Reproduce the lines below exactly. Skip images.

_Given data:_
══════════════════════════════

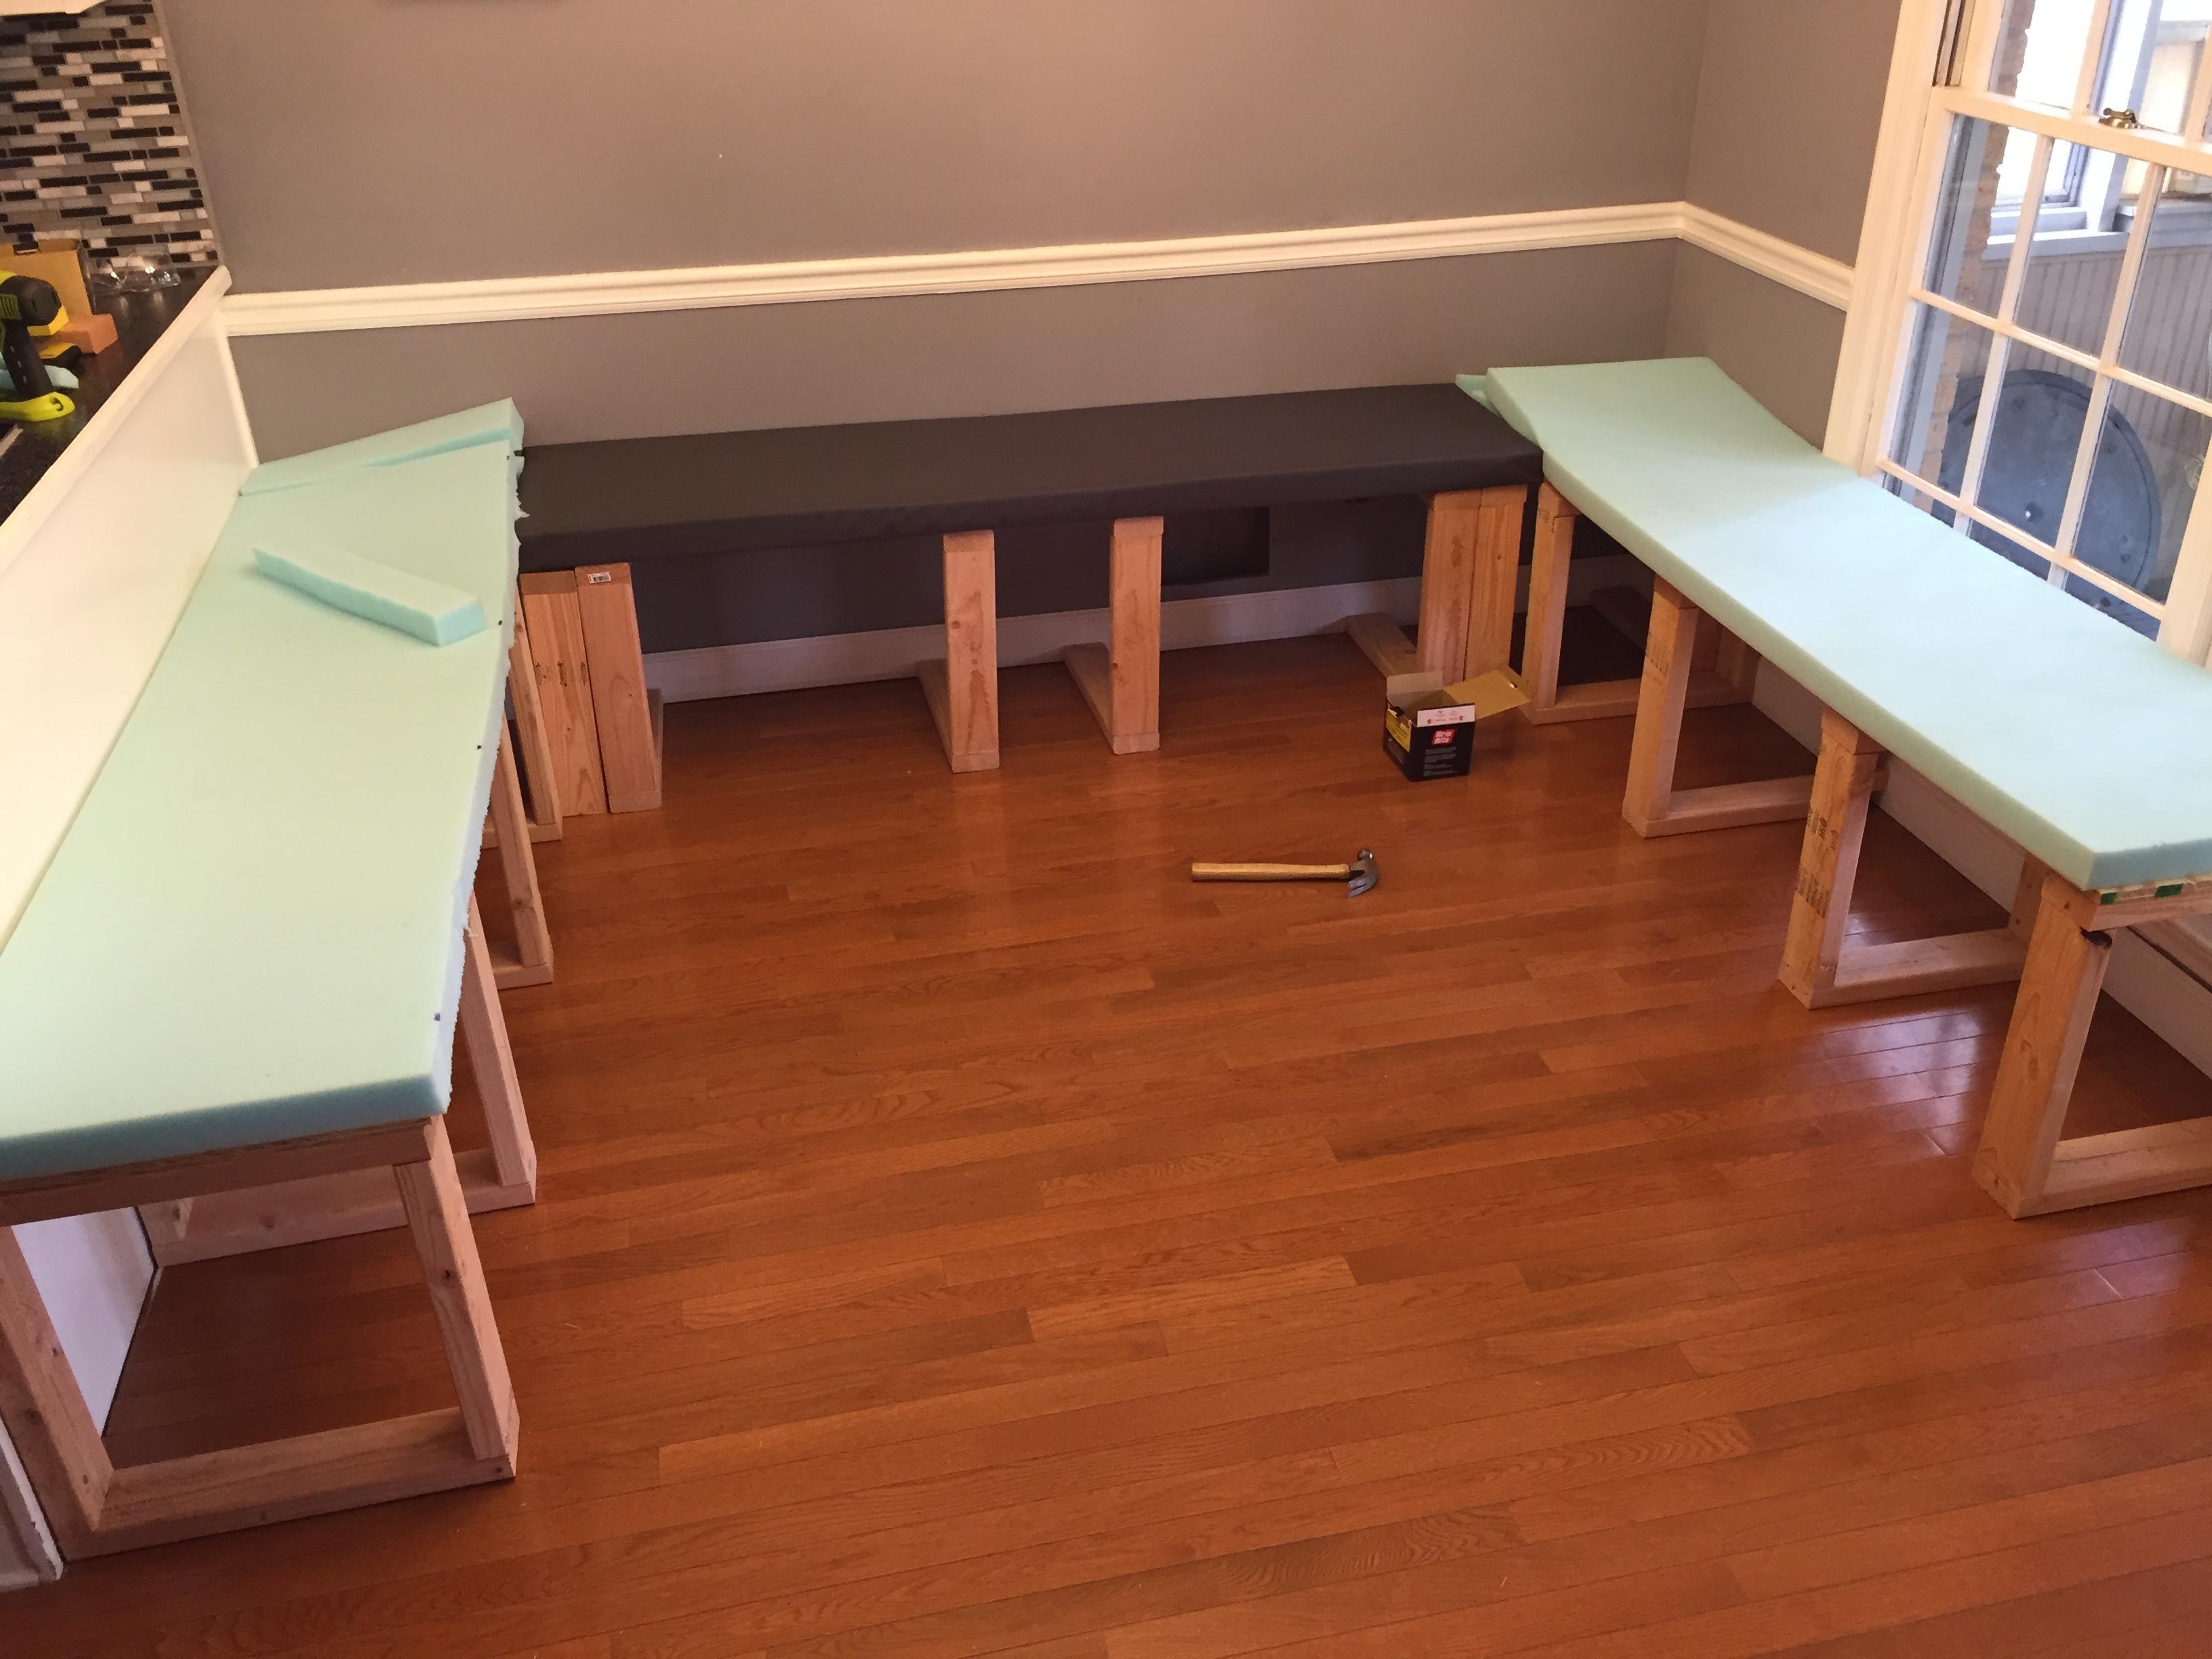 Moss Green 4 Piece Nook Cushion Set Corner Bench Booth Dining
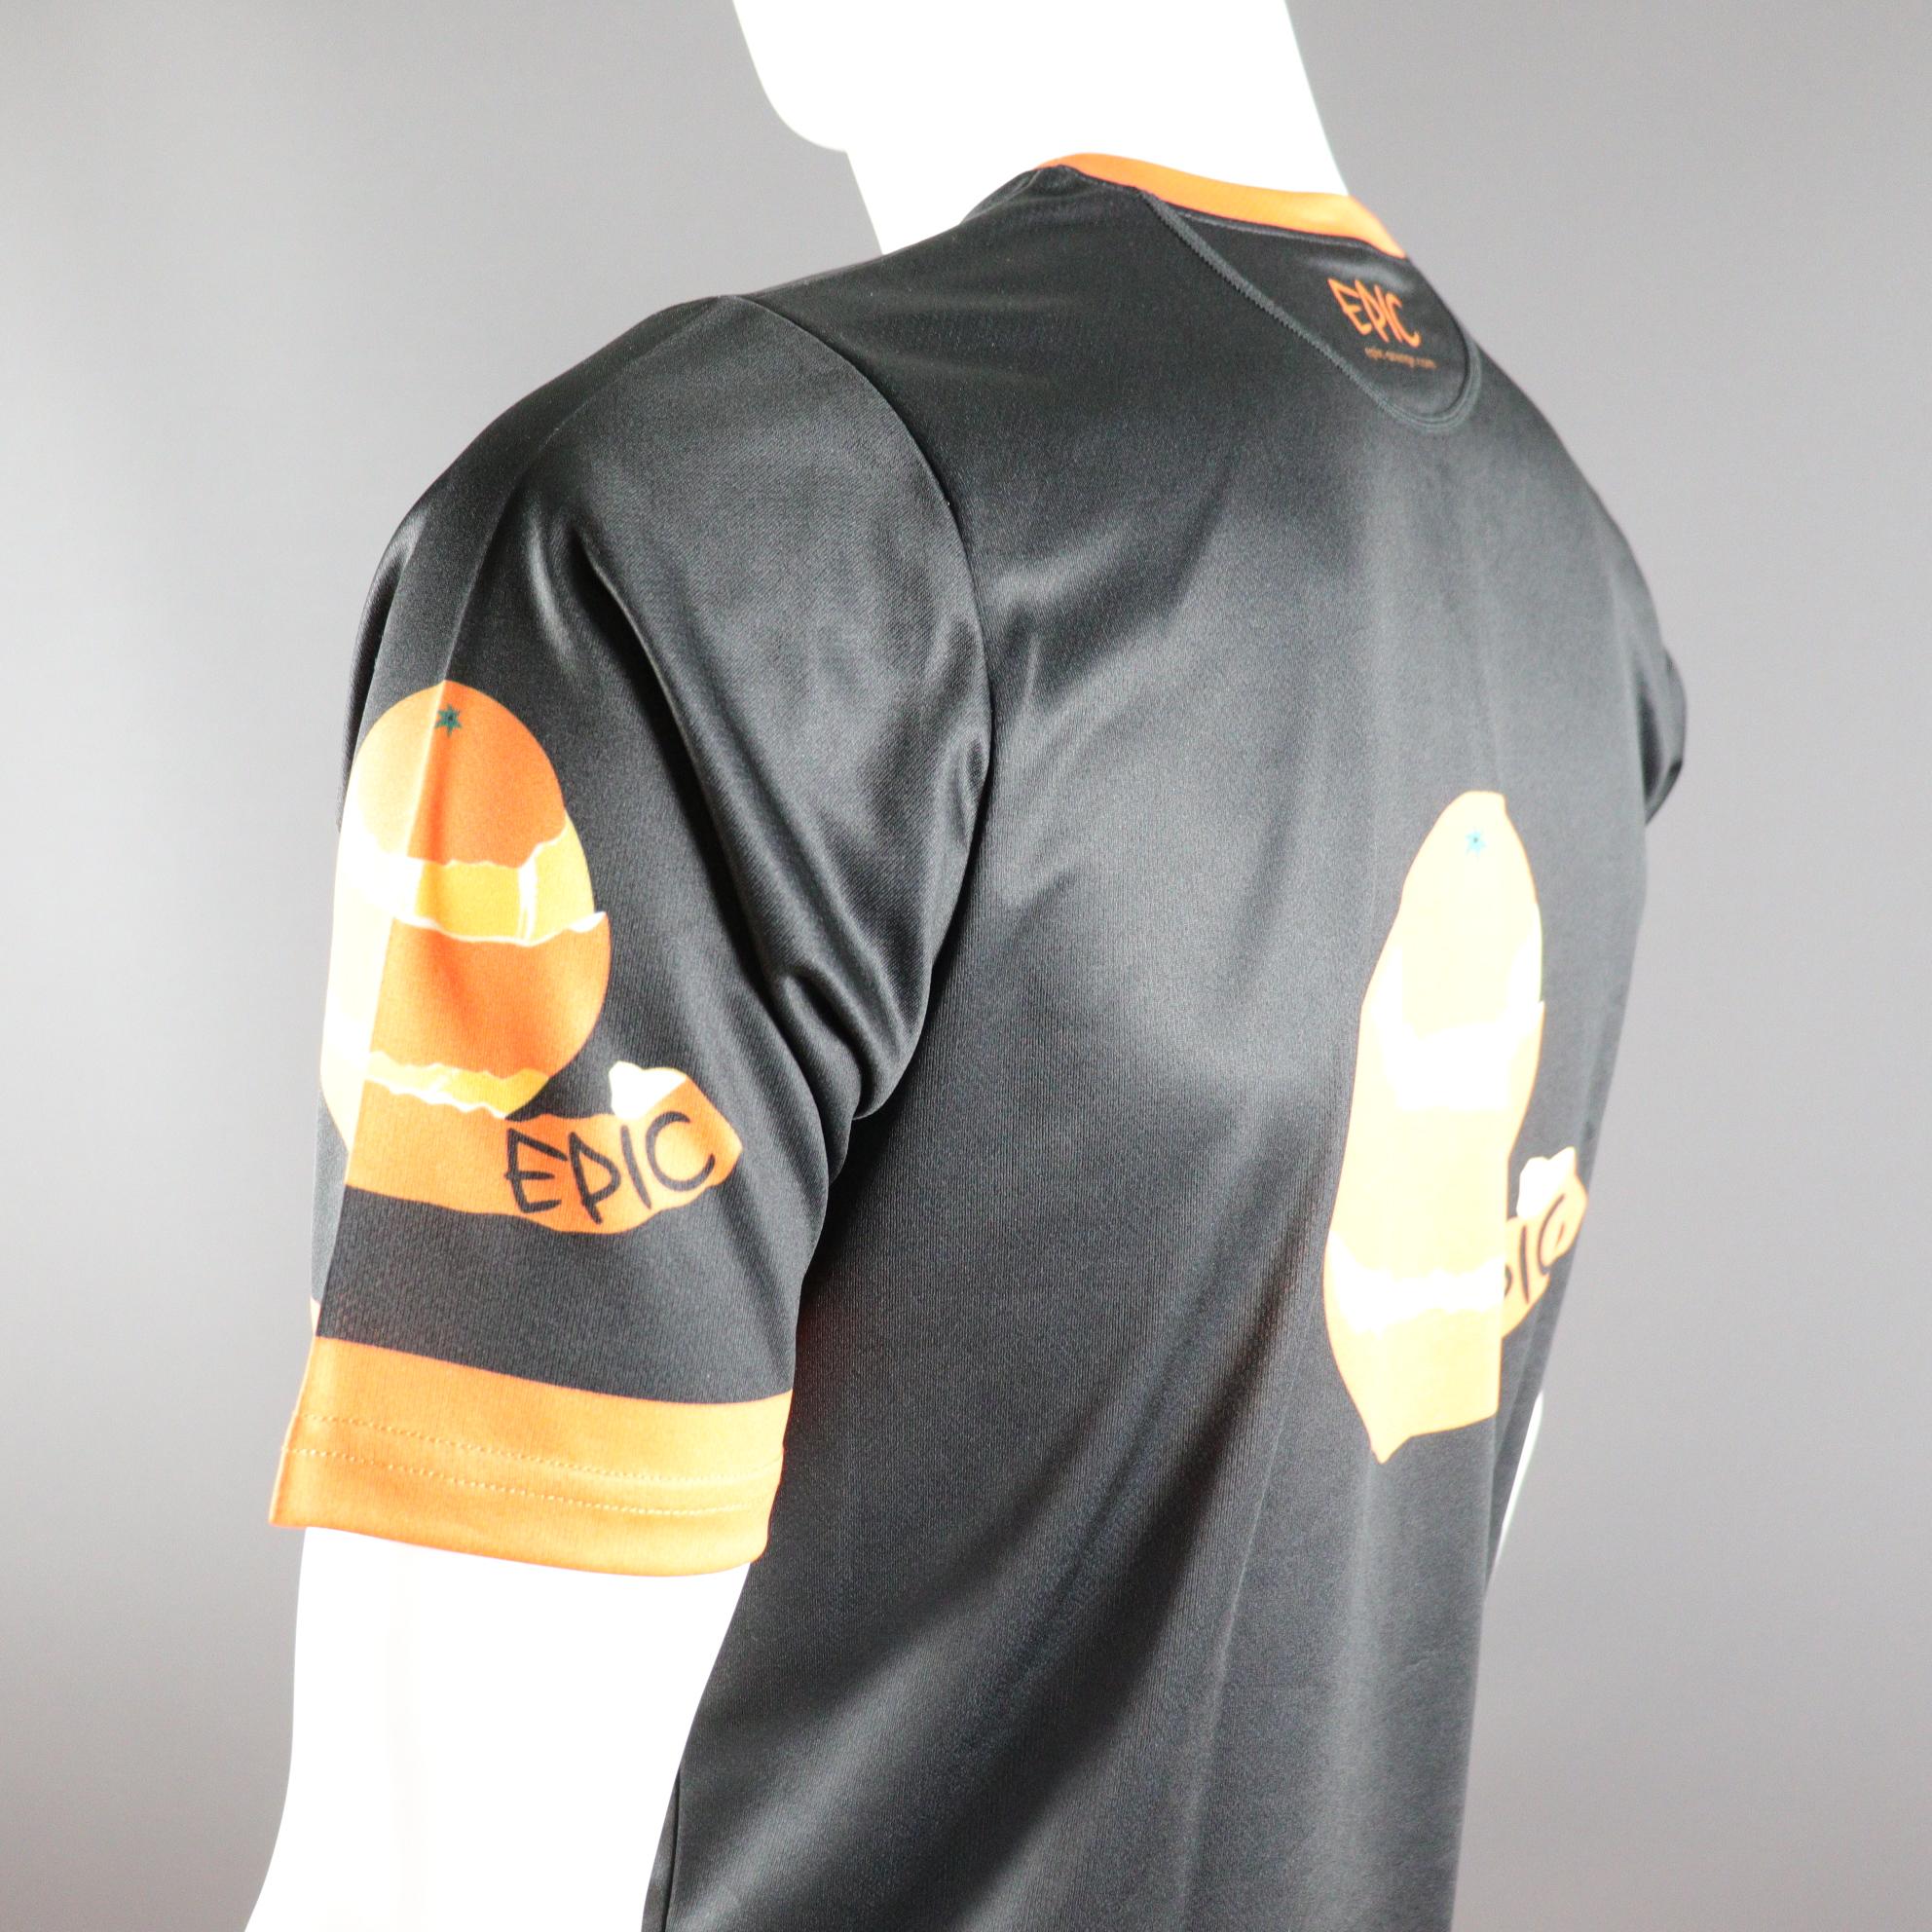 Custom Printed Racer Tech Run Shirts
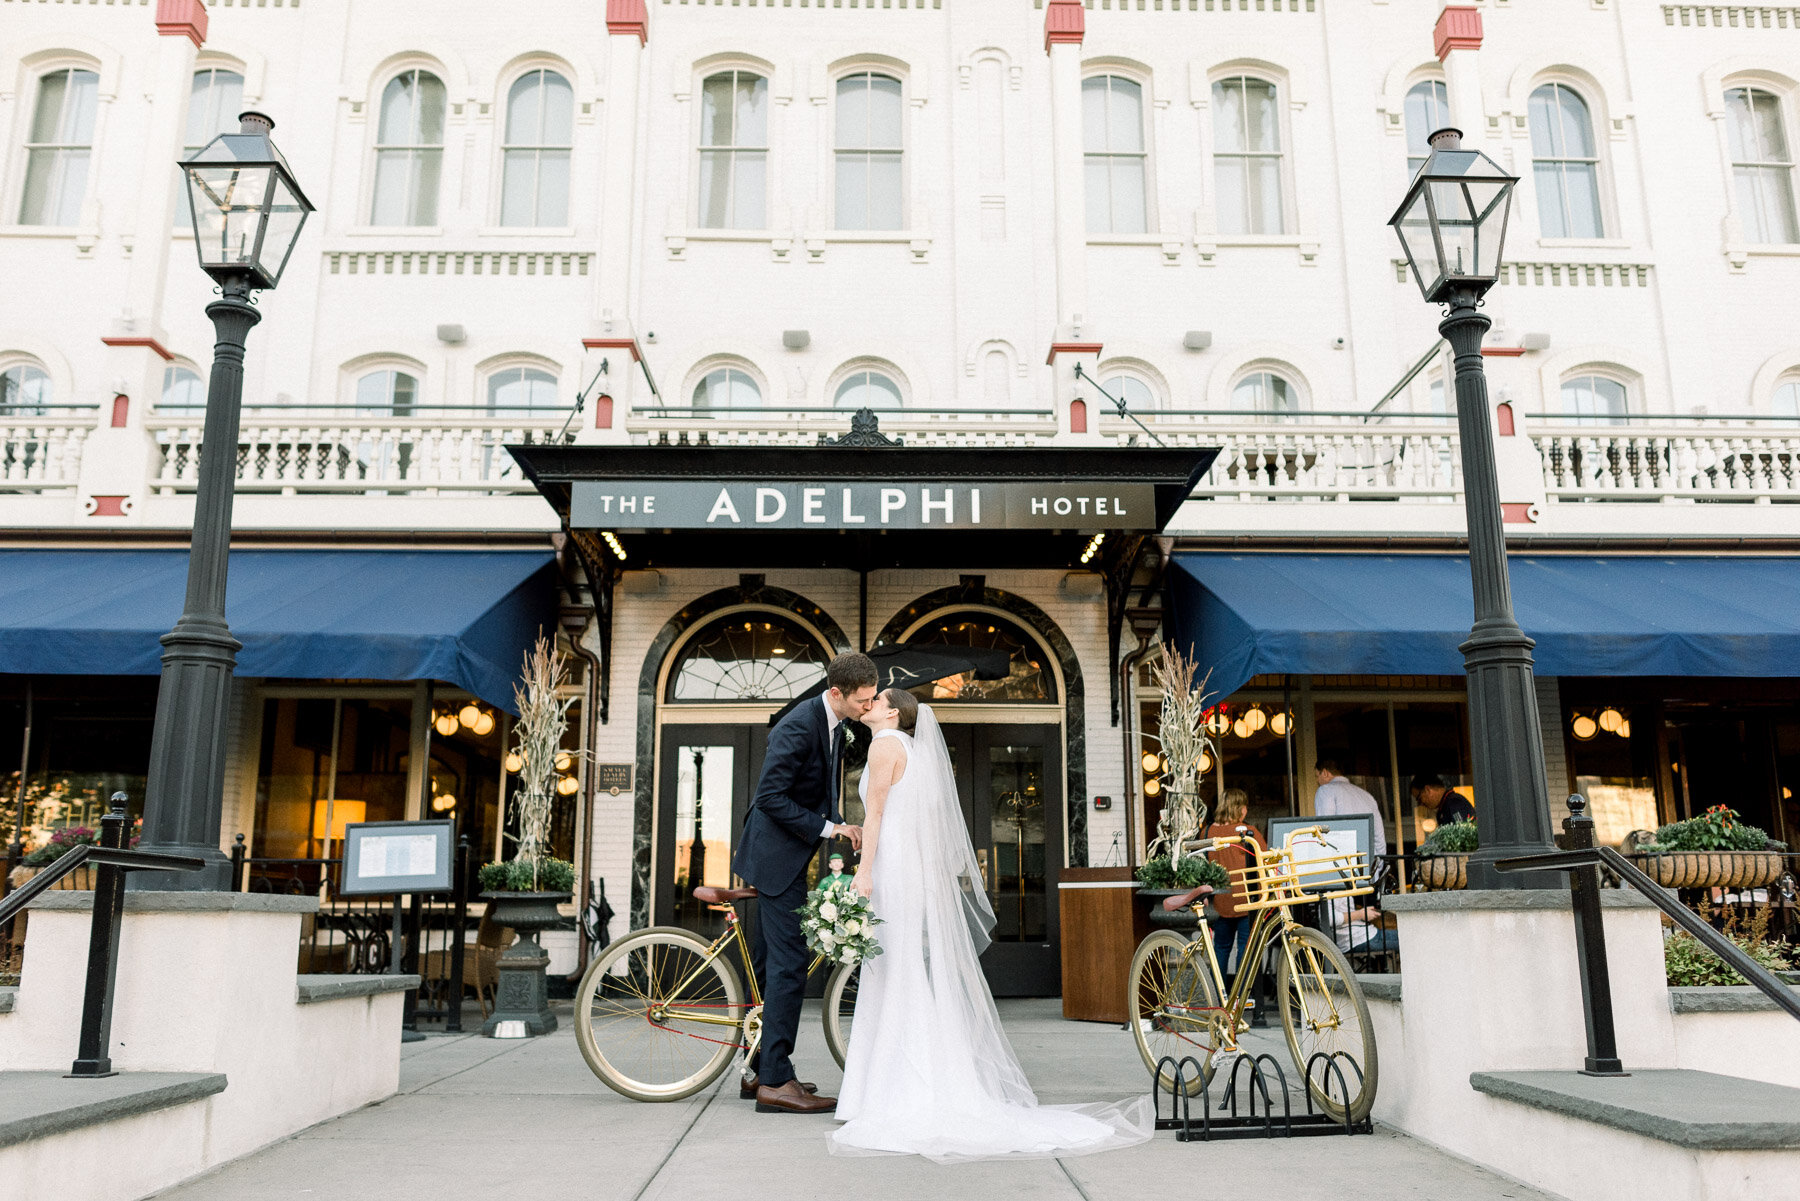 Adelphi Saratoga Wedding by Michelle Lange Photography-28.jpg

══════════════════════════════

_Solution below:_
 Moss Green 4 Piece Nook Cushion Set Corner Bench Booth Dining
 Custom Printed Racer Tech Run Shirts
 Adelphi Saratoga Wedding by Michelle Lange Photography-28.jpg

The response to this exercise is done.